=== Your assignment ===
Wherever the line with "Qatar Executive interior G650ER" sits in the listing below, transcribe from it up to and including the line with "Bath. It is", exactly, and leave the remaining lines out.

=== Information given ===

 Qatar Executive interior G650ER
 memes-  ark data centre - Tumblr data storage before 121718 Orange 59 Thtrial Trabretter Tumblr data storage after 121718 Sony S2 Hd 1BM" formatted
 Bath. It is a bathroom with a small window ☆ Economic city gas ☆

---

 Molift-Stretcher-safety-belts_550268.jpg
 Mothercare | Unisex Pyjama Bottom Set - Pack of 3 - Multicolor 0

---

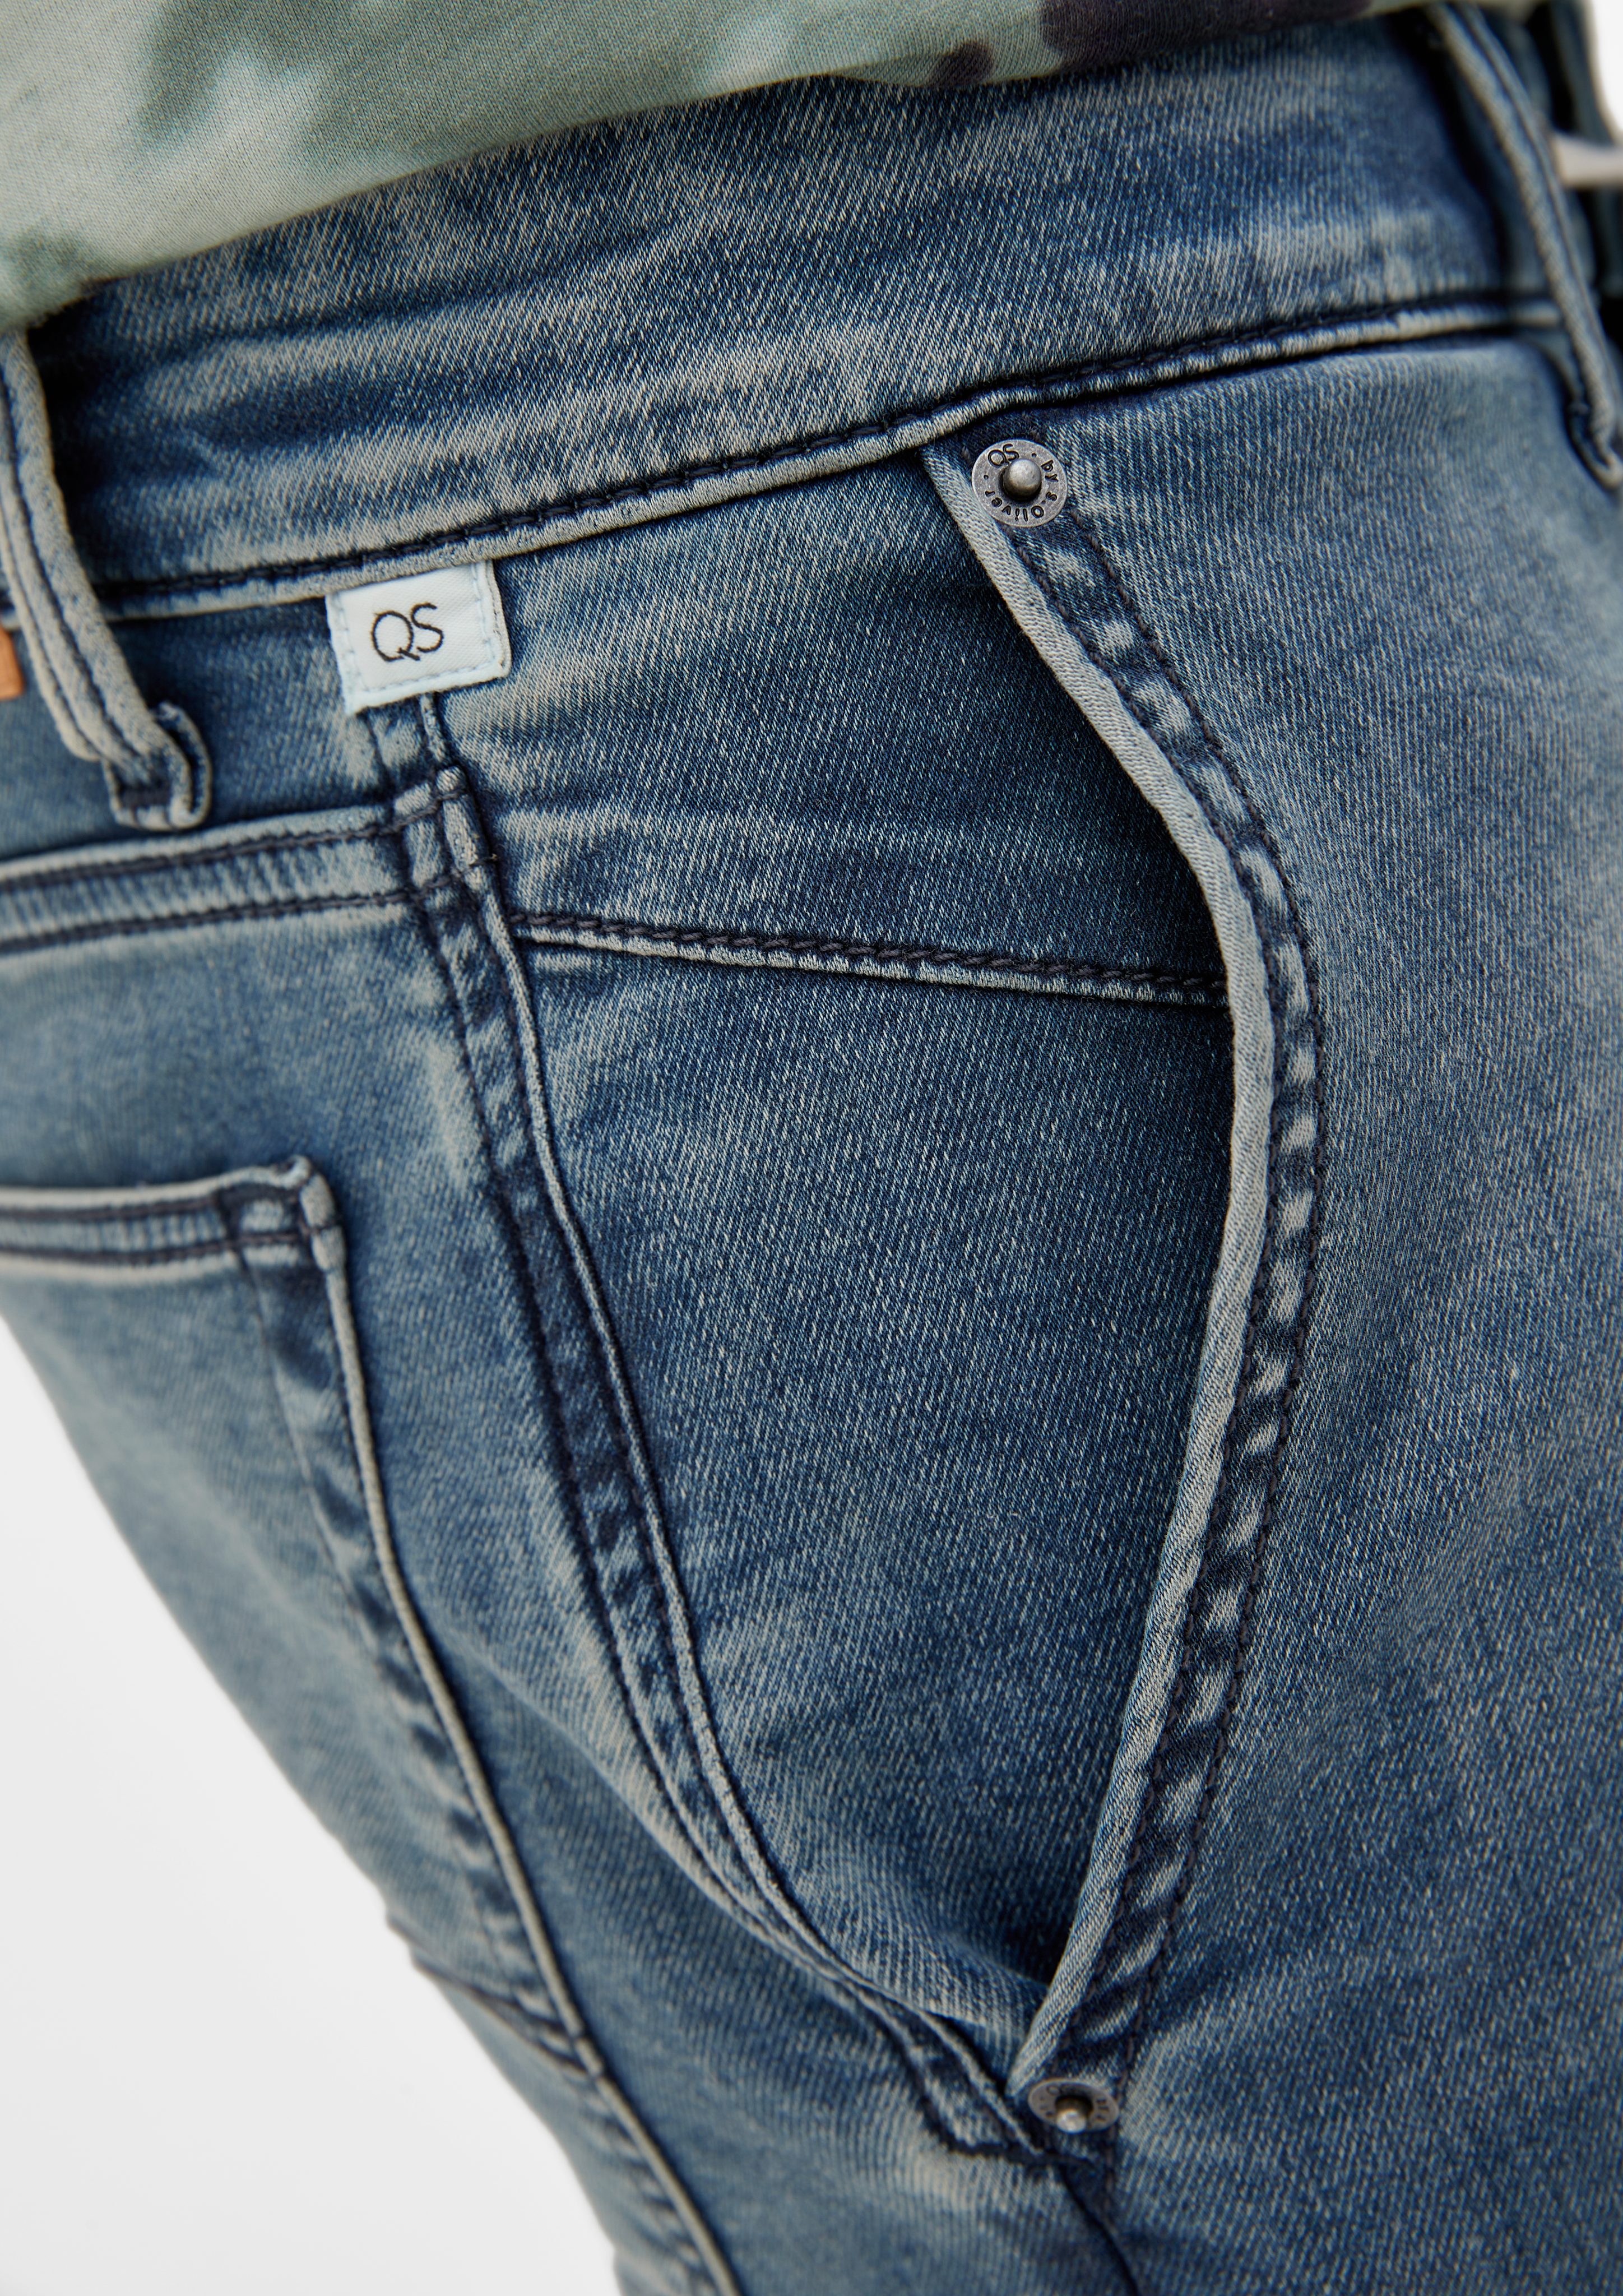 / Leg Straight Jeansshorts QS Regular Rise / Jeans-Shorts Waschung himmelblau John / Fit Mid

=== Output ===
 Qatar Executive interior G650ER
 memes-  ark data centre - Tumblr data storage before 121718 Orange 59 Thtrial Trabretter Tumblr data storage after 121718 Sony S2 Hd 1BM" formatted
 Bath. It is a bathroom with a small window ☆ Economic city gas ☆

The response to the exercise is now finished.